*** Input data
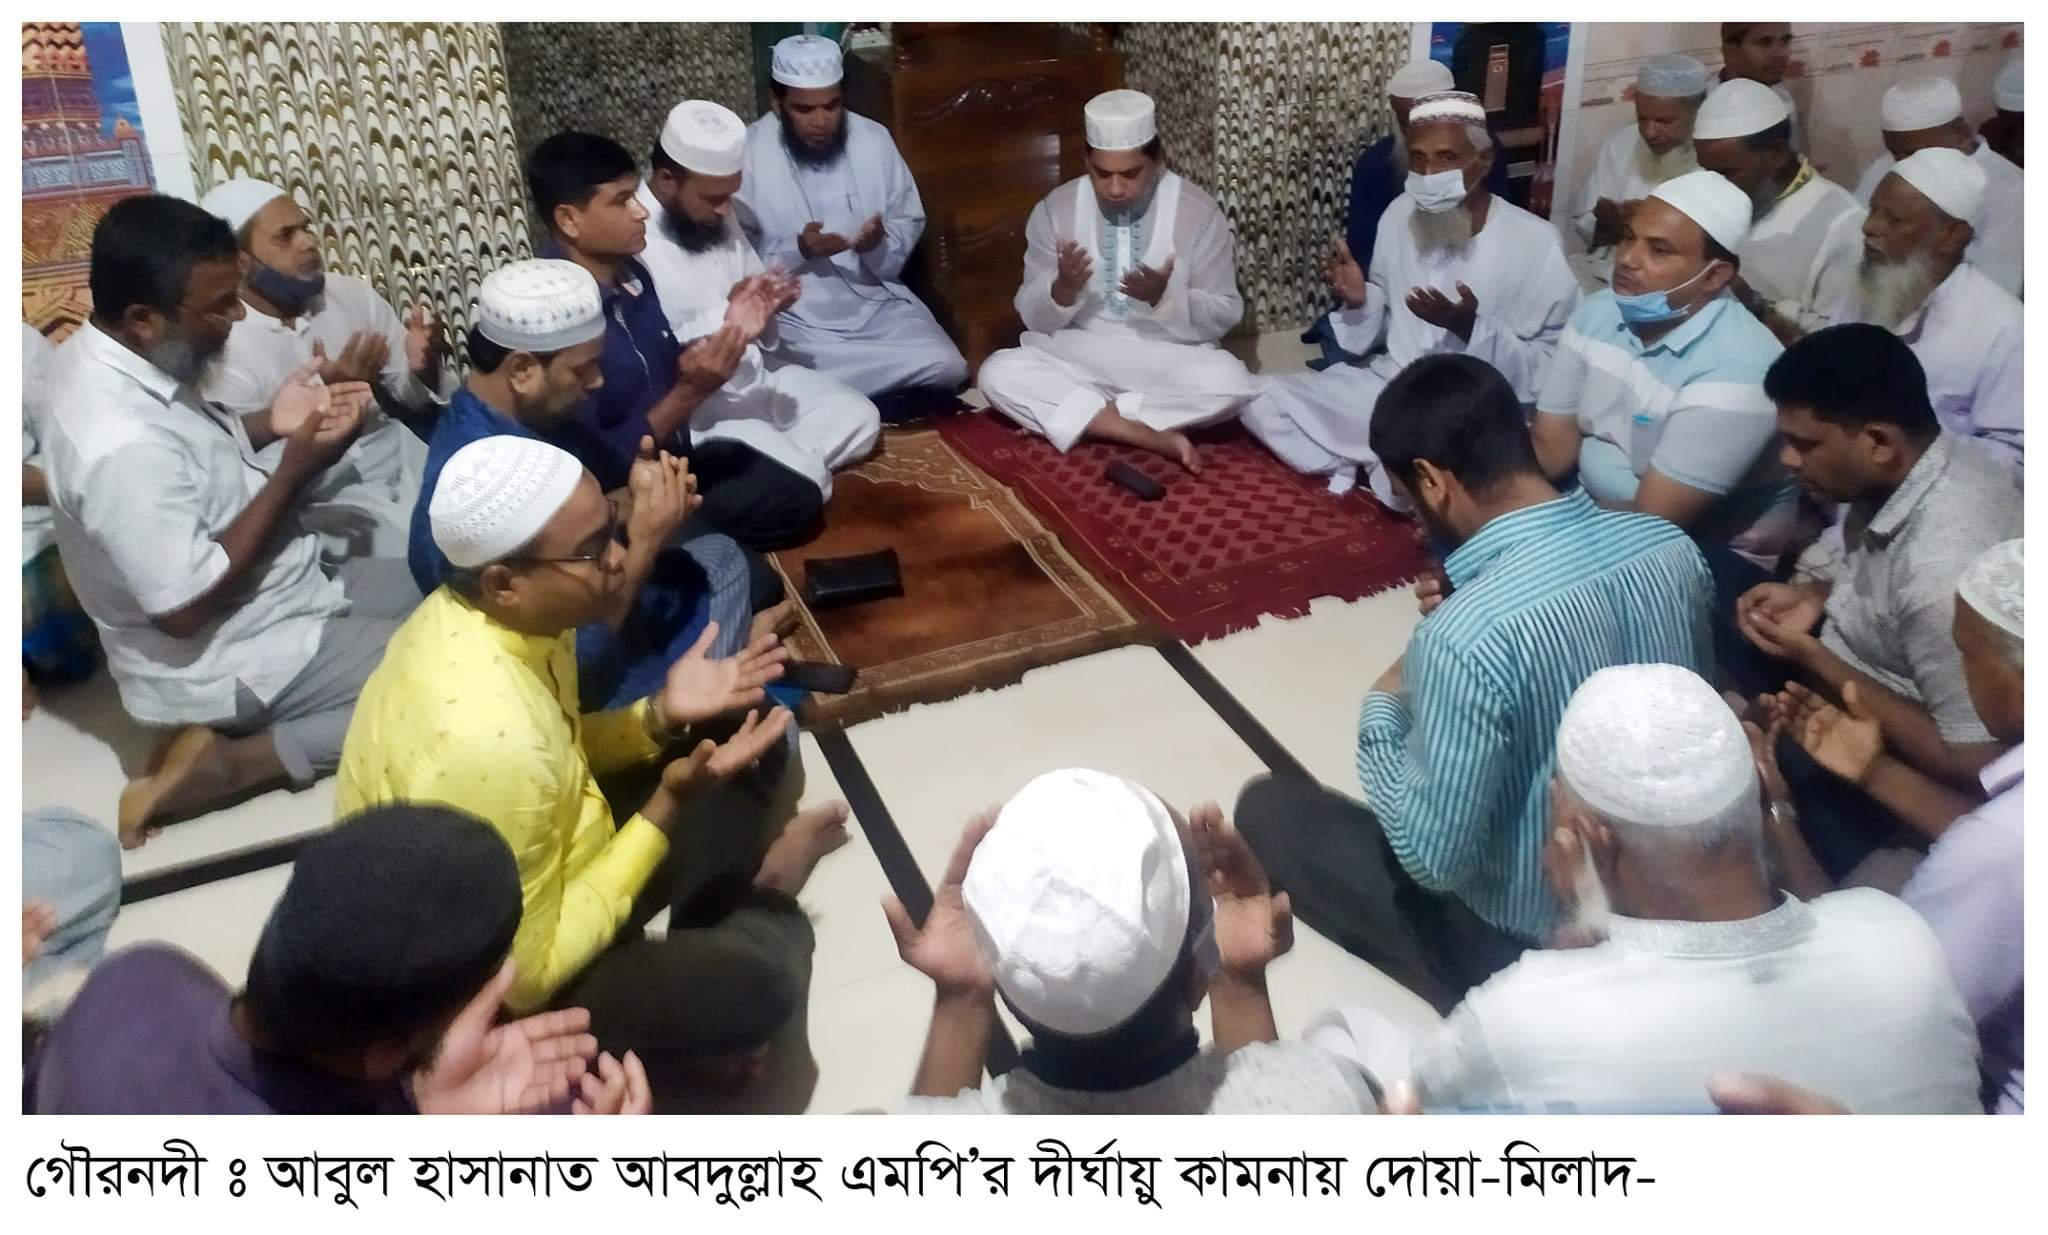 আবুল হাসানাত আবদুল্লাহ'র দীর্ঘায়ু কামনায় দোয়া-মিলাদ
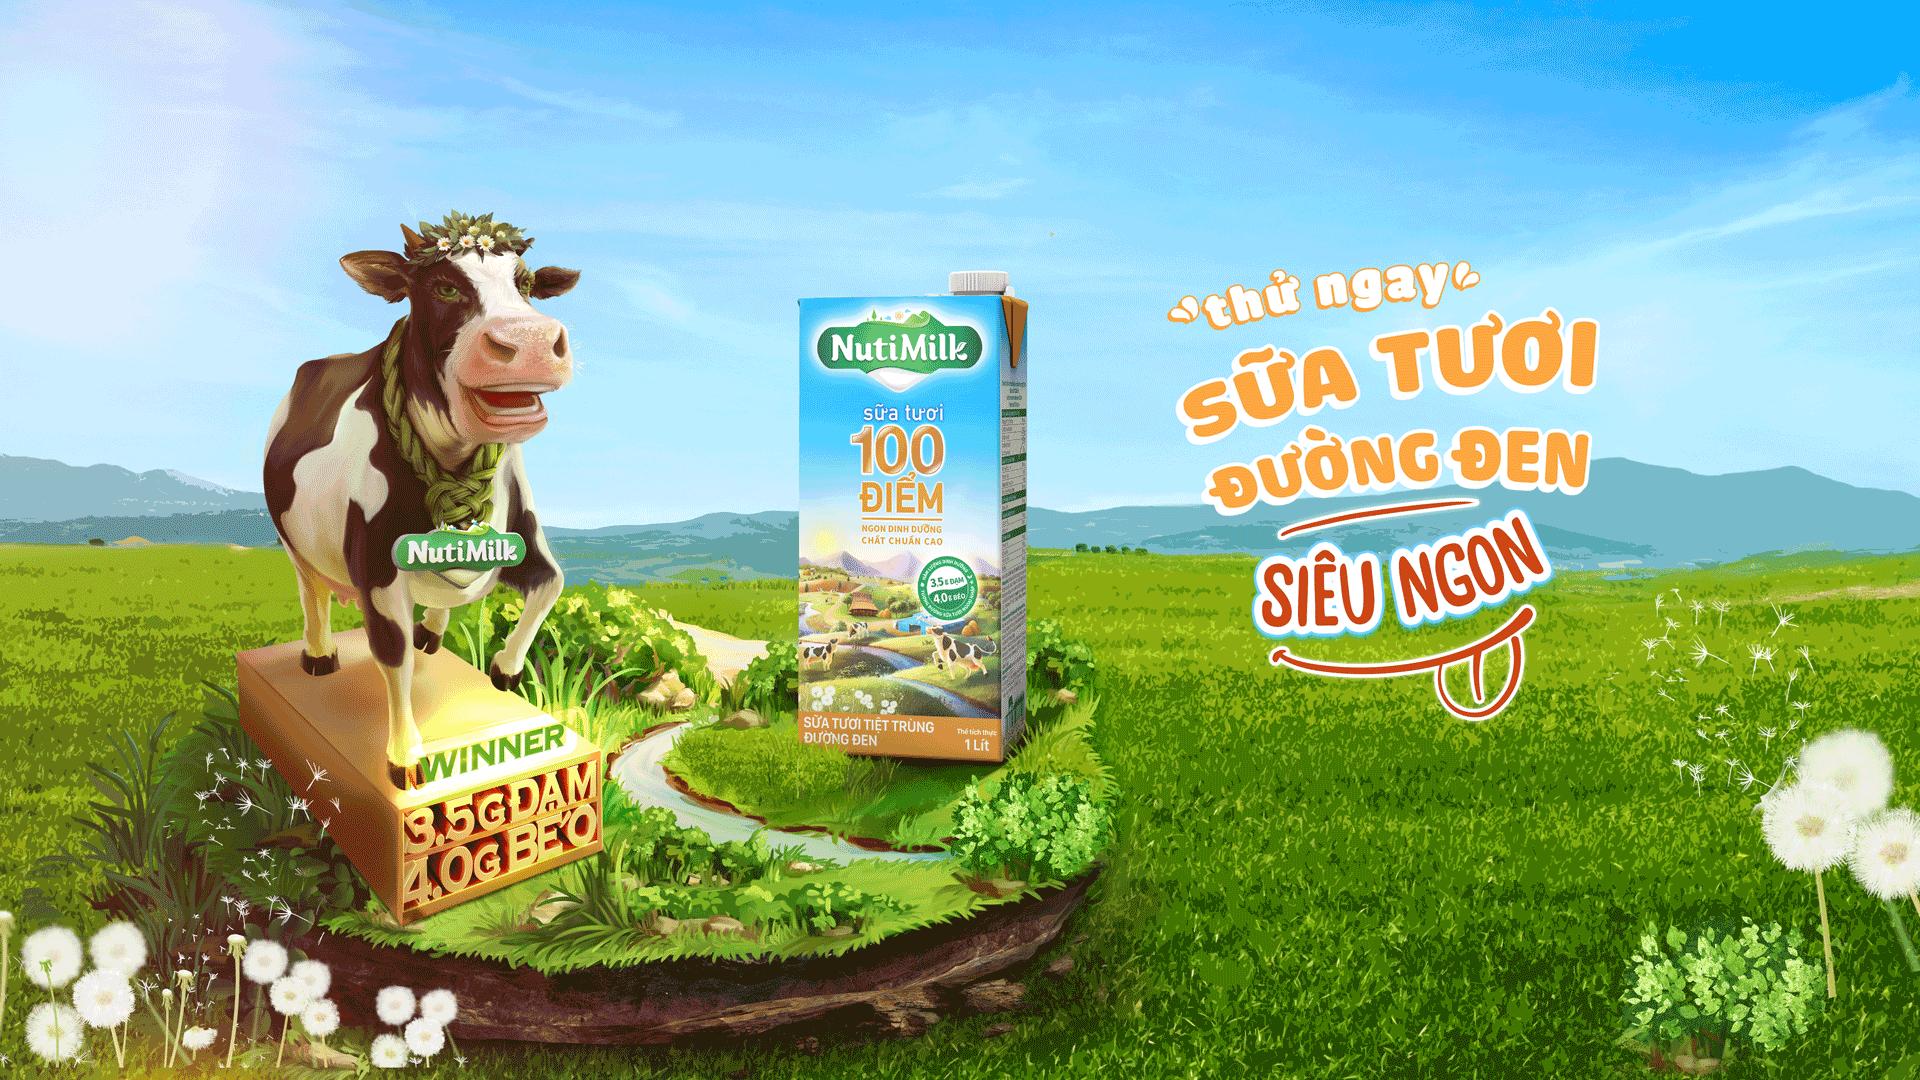 Thử ngay sữa tươi đường đen NutiMilk siêu ngon!
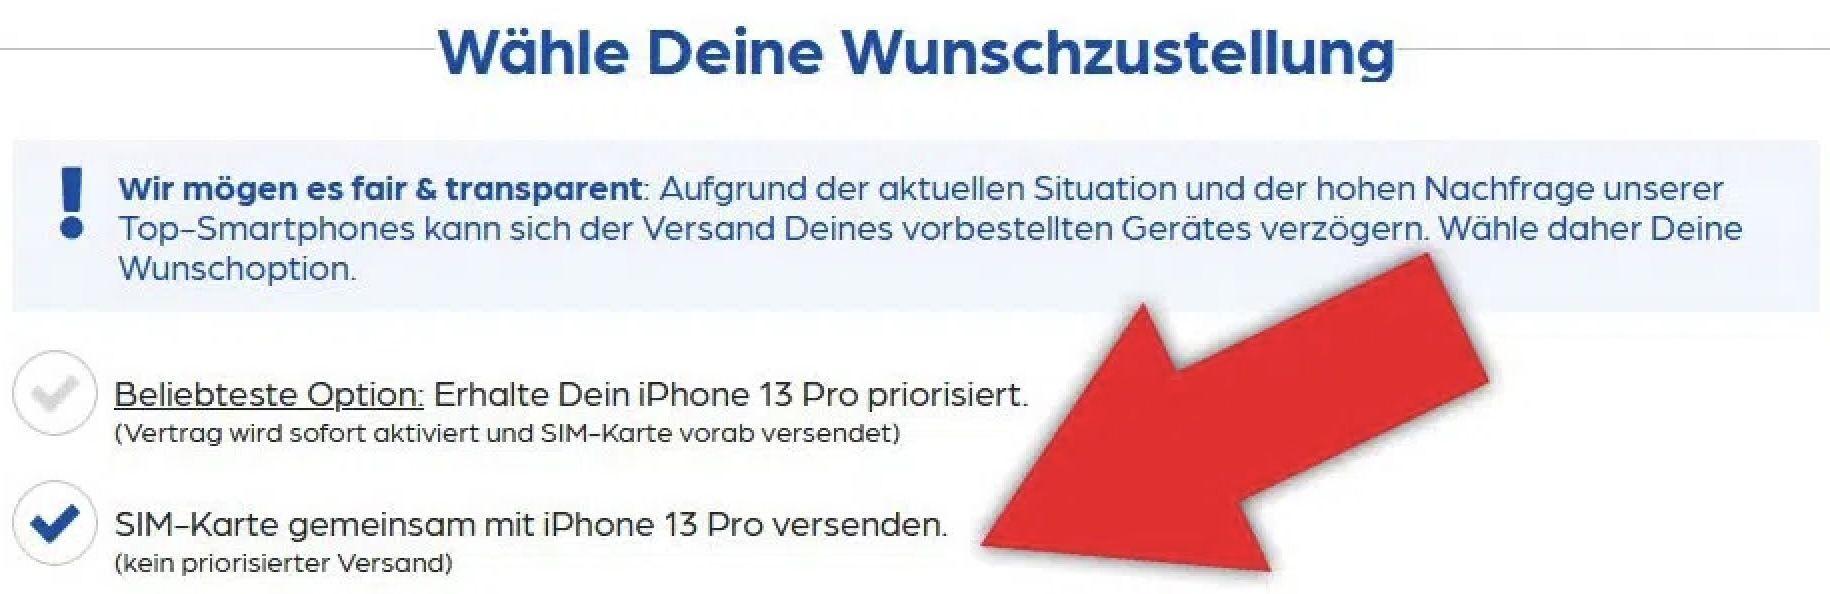 Apple iPhone 13 mini mit 128GB für 79,95€ + Vodafone Allnet Flat mit bis 40GB LTE/5G für 44,99€ mtl. + 100€ Wechselbonus möglich
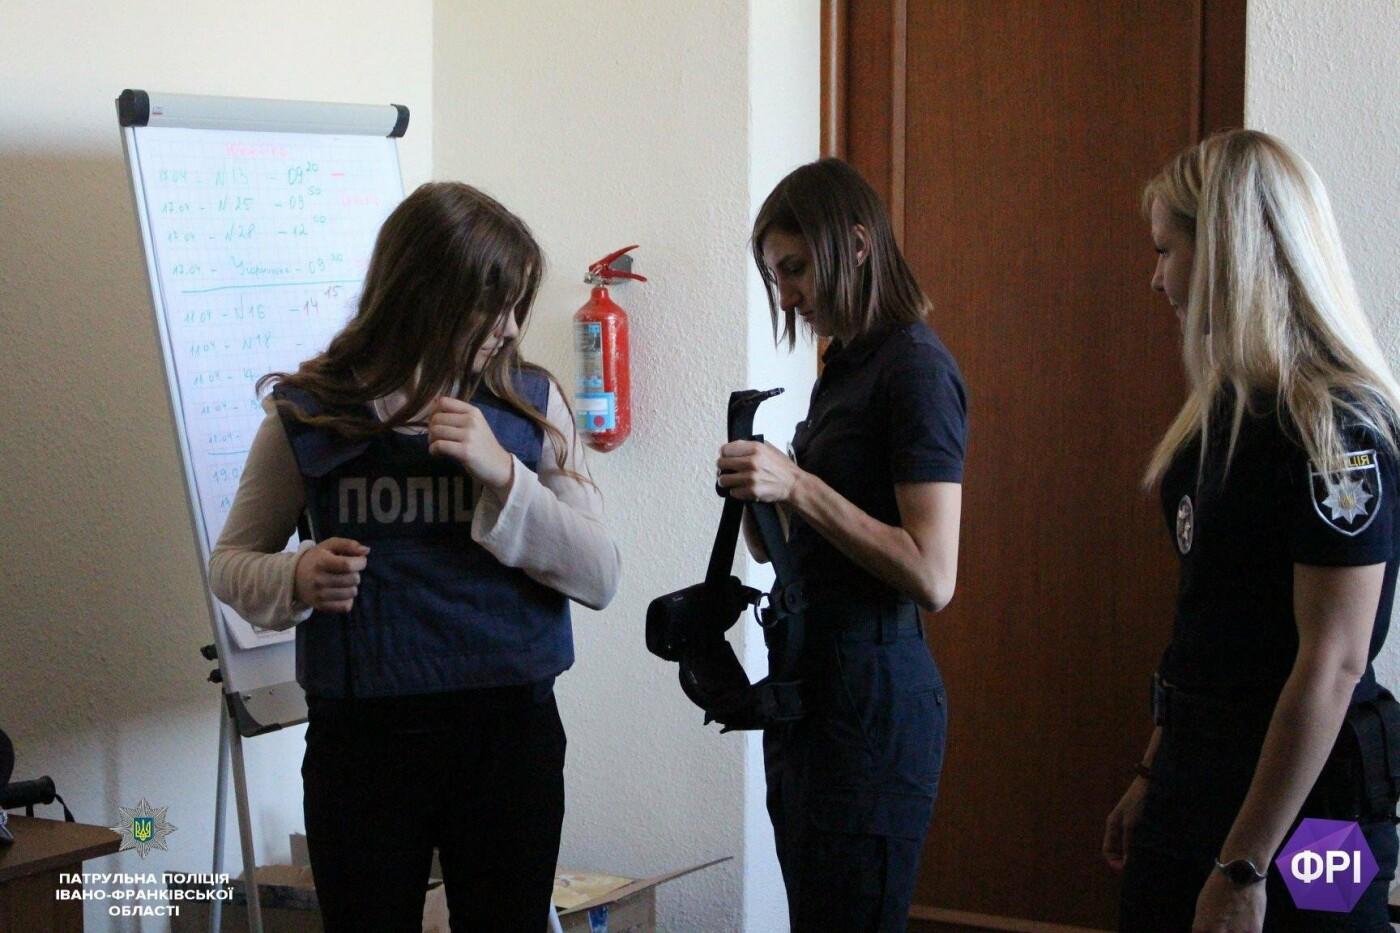 Франківські школярі п'ять днів вивчали роботу патрульних. ФОТО, фото-2
******
## [Task instructions]
Skipping all pictures, set the listing down exactly as written.

## [Response for this exercise]
 আবুল হাসানাত আবদুল্লাহ'র দীর্ঘায়ু কামনায় দোয়া-মিলাদ
 Thử ngay sữa tươi đường đen NutiMilk siêu ngon!
 Apple iPhone 13 mini mit 128GB für 79,95€ + Vodafone Allnet Flat mit bis 40GB LTE/5G für 44,99€ mtl. + 100€ Wechselbonus möglich
 Франківські школярі п'ять днів вивчали роботу патрульних. ФОТО, фото-2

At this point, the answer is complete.